The problem with queso

Chipotle stakes its reputation on using fresh, healthy ingredients. So when it launched queso back in 2017, it did so with aged cheddar cheese. But using cheddar actually contributed to the gritty consistency, explained Brandt.

“Processed cheese melts really easily,” he told CNN Business. “Doing queso with no processed ingredients is really, really hard.”

To make creamy queso, Chipotle went back to the drawing board. About two years ago, it started experimenting with new recipes. “We went through a lot of iterations with the product itself, and tried different colors of queso and different blends of queso,” Brandt said. The team found that a blend of cheeses — rather than using one single type of cheese — helped improve the dip’s texture.

To see how customers felt about queso blanco, Chipotle tested the product in 52 locations Detroit, Dallas and San Diego last year. At those restaurants, queso blanco replaced the earlier version, and sales of the menu item went up “by a pretty good margin,” Brandt said. He added that customer satisfaction was higher with the new version.

Why Chipotle didn’t give up

Chipotle’s Queso flop was costly. Soon after the original version launched, Goldman Sachs criticized the product and Chipotle’s stock dipped.

But Chipotle stuck with the product because side dishes help boost sales. Nearly half of Chipotle orders include guacamole, Brandt said. “If queso went to the level of guacamole, we’ll be dancing in the street,” he said.

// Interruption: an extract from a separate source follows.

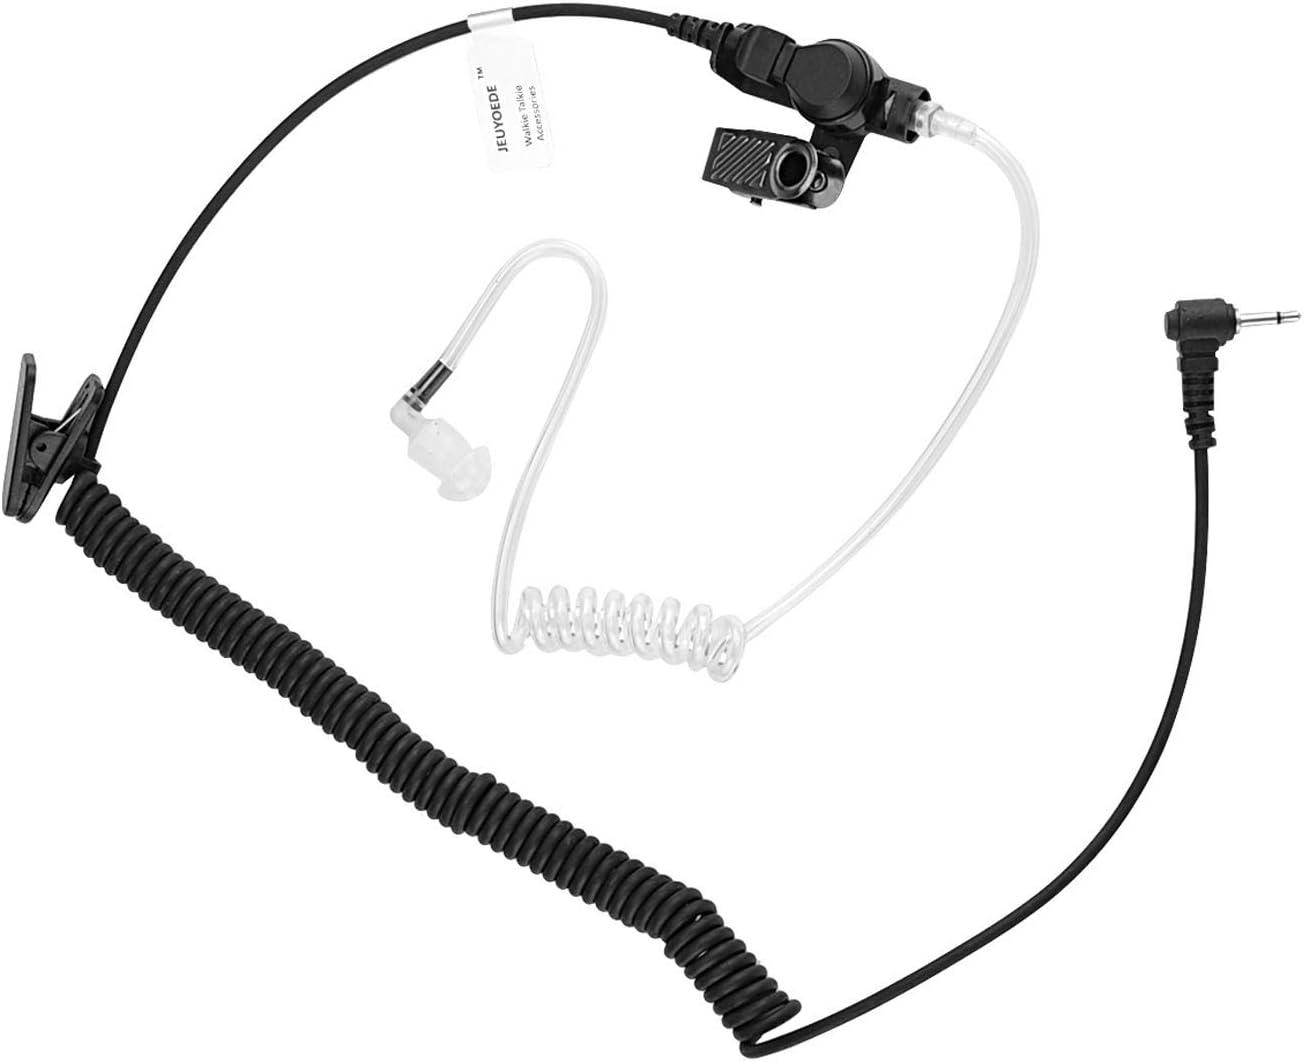 Universal 3.5mm Listen-Only Acoustic Headset//Earpiece For Radio Walkie Talkie
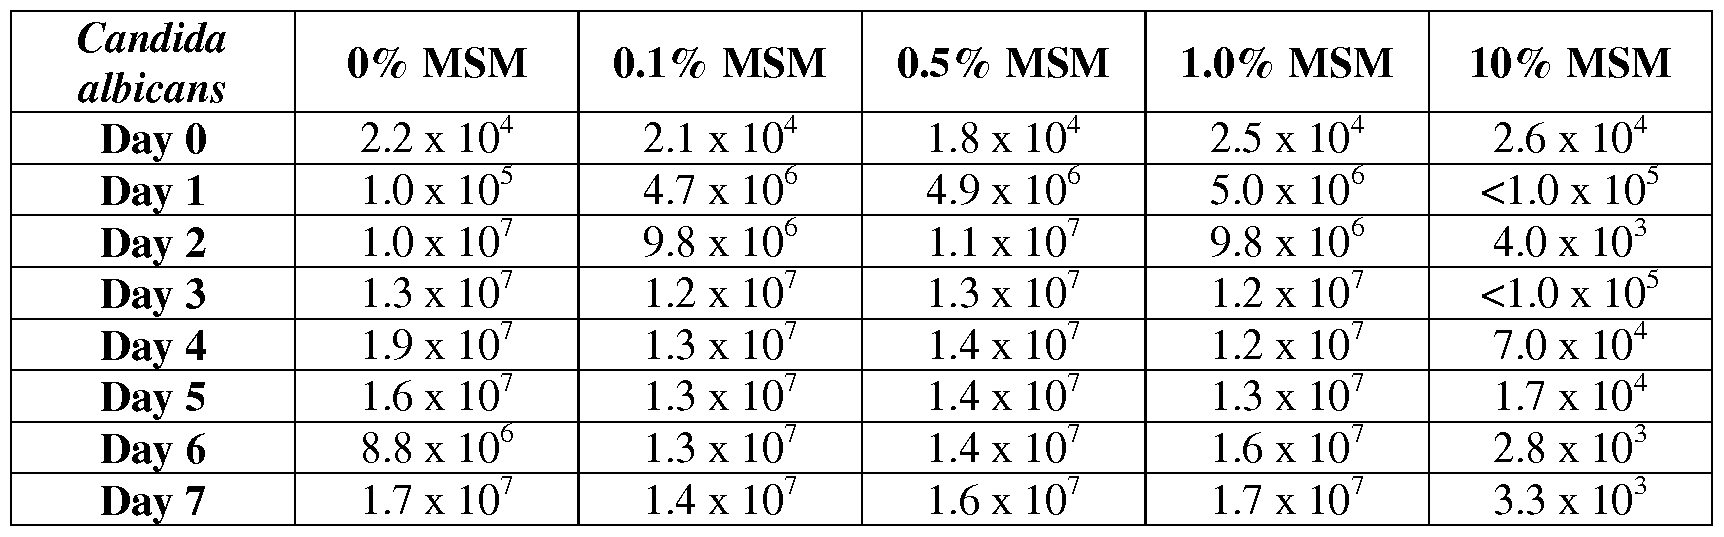 WO2011053854A1 - Use of methylsulfonylmethane (msm) to modulate

Plus, side orders let people customize their orders — something that helps set Chipotle apart from other chains.

In order to make sure that people are well aware of the improved product, Chipotle is planning a marketing push that includes television commercials, digital and social promotion. And the fact that this version is white should also help people from confusing it with the earlier version, Brandt noted.